We know a lot about how men perceived freedom because many of them had a chance to write down their thoughts on the subject—that’s less the case for women. The emphasis on men’s perspectives is also a legacy of the longstanding tendency to focus on famous male abolitionists. We wanted, by contrast, to reconstruct the perspectives of women who did not get a book audience, but who did speak in courts and express themselves and theorize freedom in other venues. Their opinions and experiences deserve to be a central component of the history of freedom and slavery.
As we wrote in our acknowledgments, three social movements sustained and inspired our efforts as we worked on the volume: #metoo, #blacklivesmatter, and #sayhername. The stories in As If She Were Free demonstrate that sexual assault and racial violence have a long history in the Americas and so, too, does the story of women seeking emancipation and defining for themselves the parameters of their freedom. Our book honors the memory of those women who took up the struggle in the past, and it is dedicated to those women who carry it forward into the future.
Parry: Lastly, what new perspectives can readers anticipate learning after reading this volume?
Ball, Seijas, and Snyder: The new perspective is that African-descended women, starting in the sixteenth and through the nineteenth with the end of legal slavery, thought about and sought out freedom for themselves and their families. It was a constant—a reaching towards human dignity that united women of African descent across the hemisphere. It was a fight, and for those who still think that abolition and freedom-seeking started in the late eighteenth century, well, they’re wrong. The lives of these twenty-four women, along with hundreds of thousands of others, show that people sought to be free wherever there was slavery.

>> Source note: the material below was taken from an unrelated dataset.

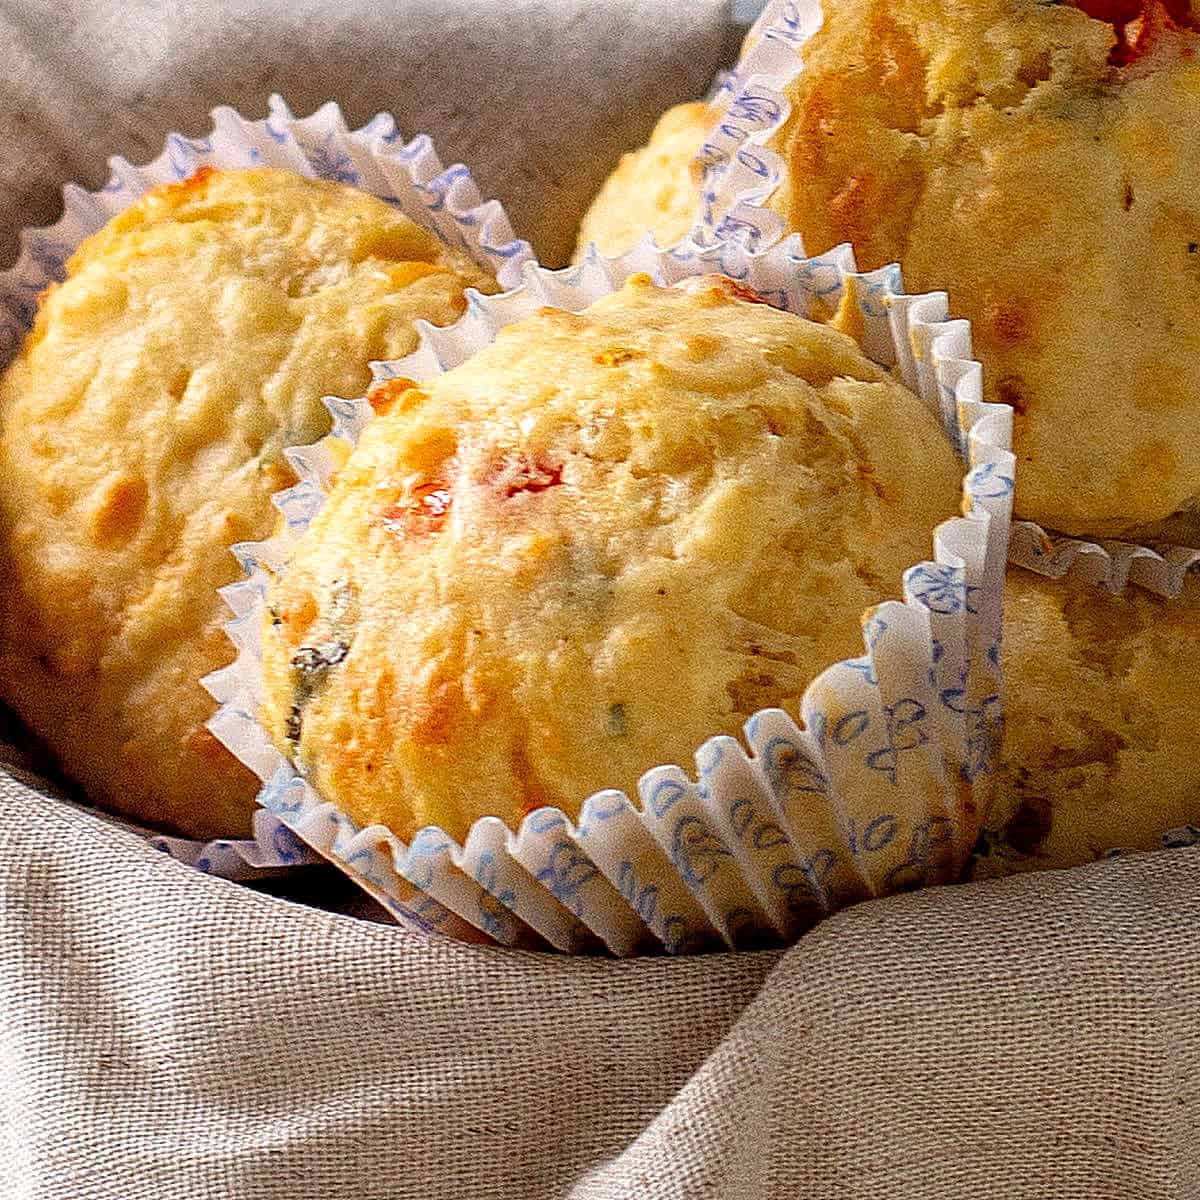 Whole muffins in paper cups on top of a beige piece of linen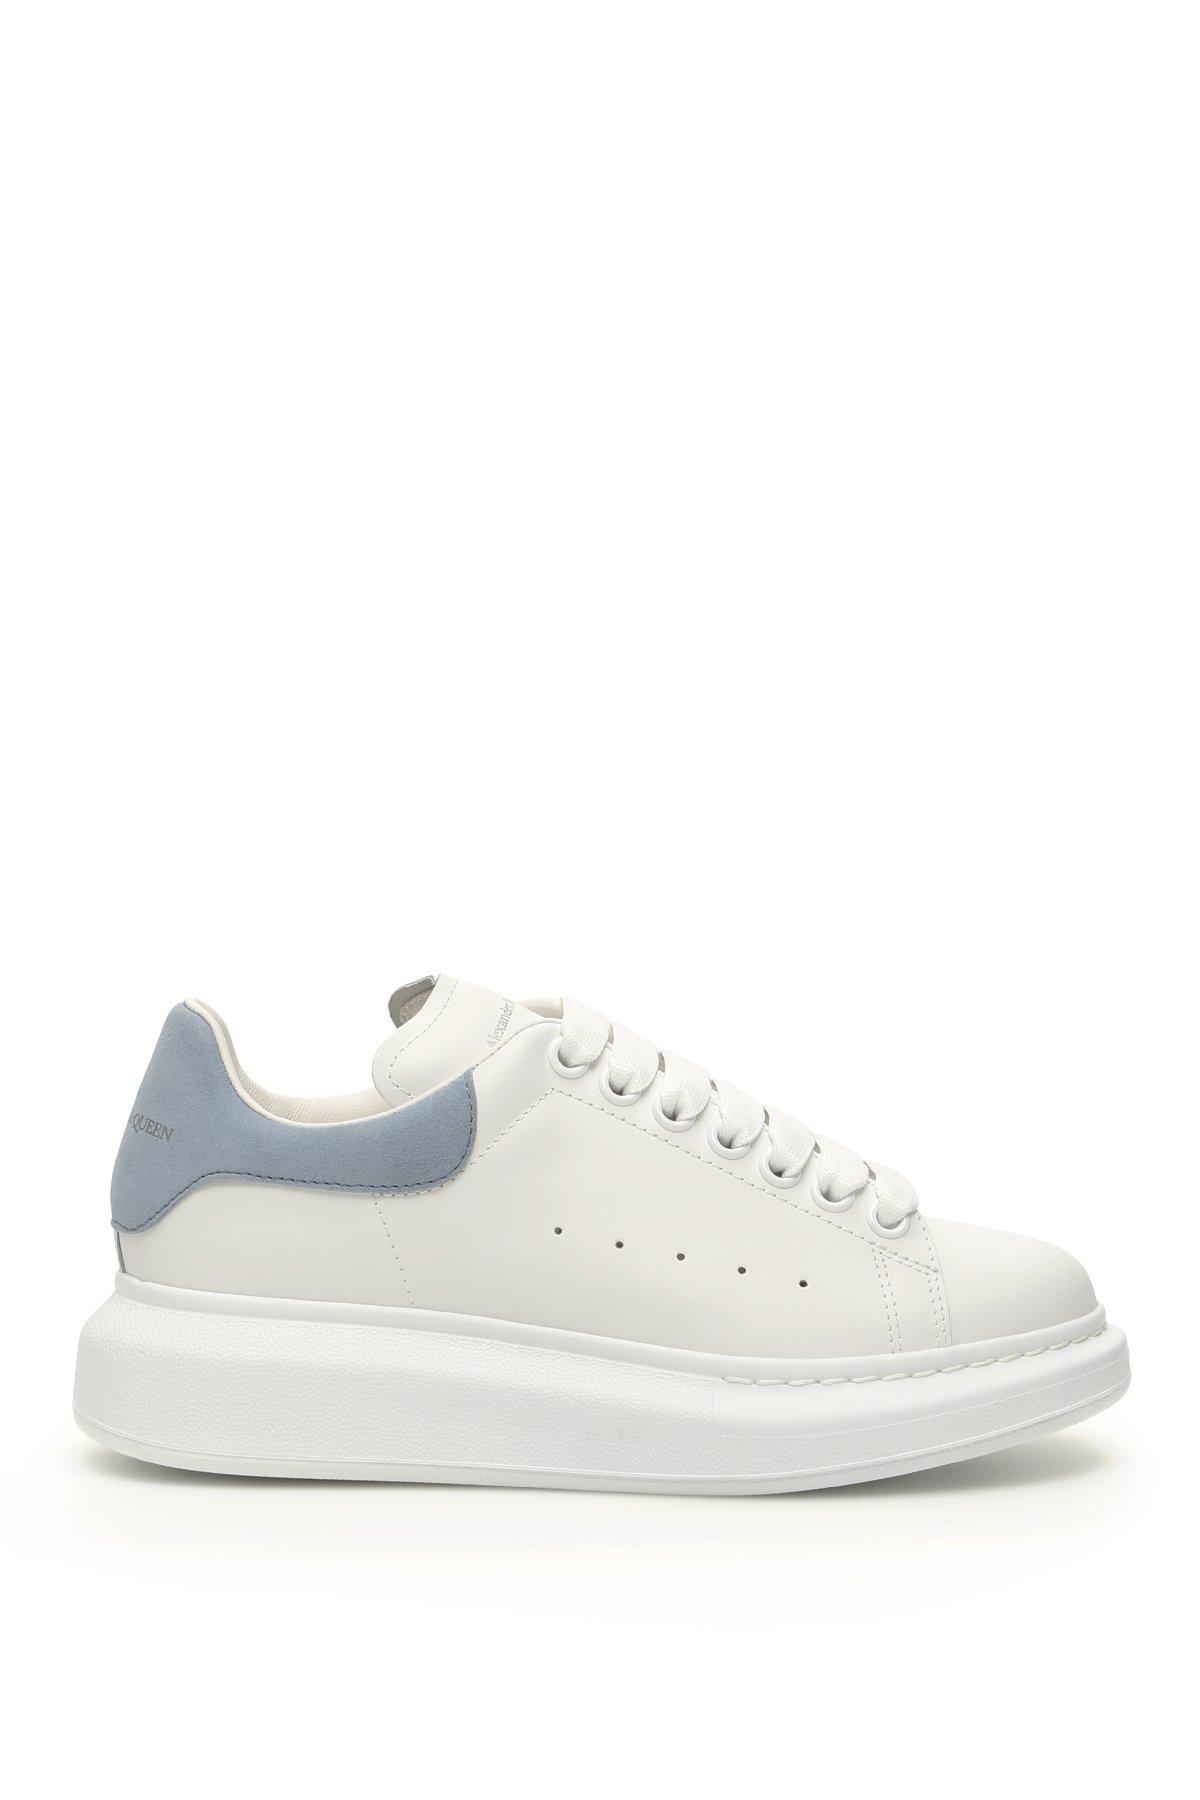 Alexander McQueen Leather Oversized Sneakers in White - Lyst

By showing how women acted as agents of emancipation, the volume offers a new history of freedom and emancipation, as well as a new conceptualization of the longue durée of antislavery activism. The laws of men excluded women from the full privileges and obligations of citizenship until the twentieth century, so women articulated and embodied freedoms beyond conventional legal and political constraints that empowered them in alternative ways.
The stories of the women in each of the chapters were always surprising, and each of them is so distinctive. Yet, after completing the book, we no longer think of these women as atypical or extraordinary. What is remarkable about these women, of course, is that fragments of their stories survive in the archives. We know that many women with African, Asian, and Indigenous ancestry struggled for emancipation, but their stories are lost to us, or haven’t yet been found. We hope our book will inspire others to dig deeper for these kinds of histories.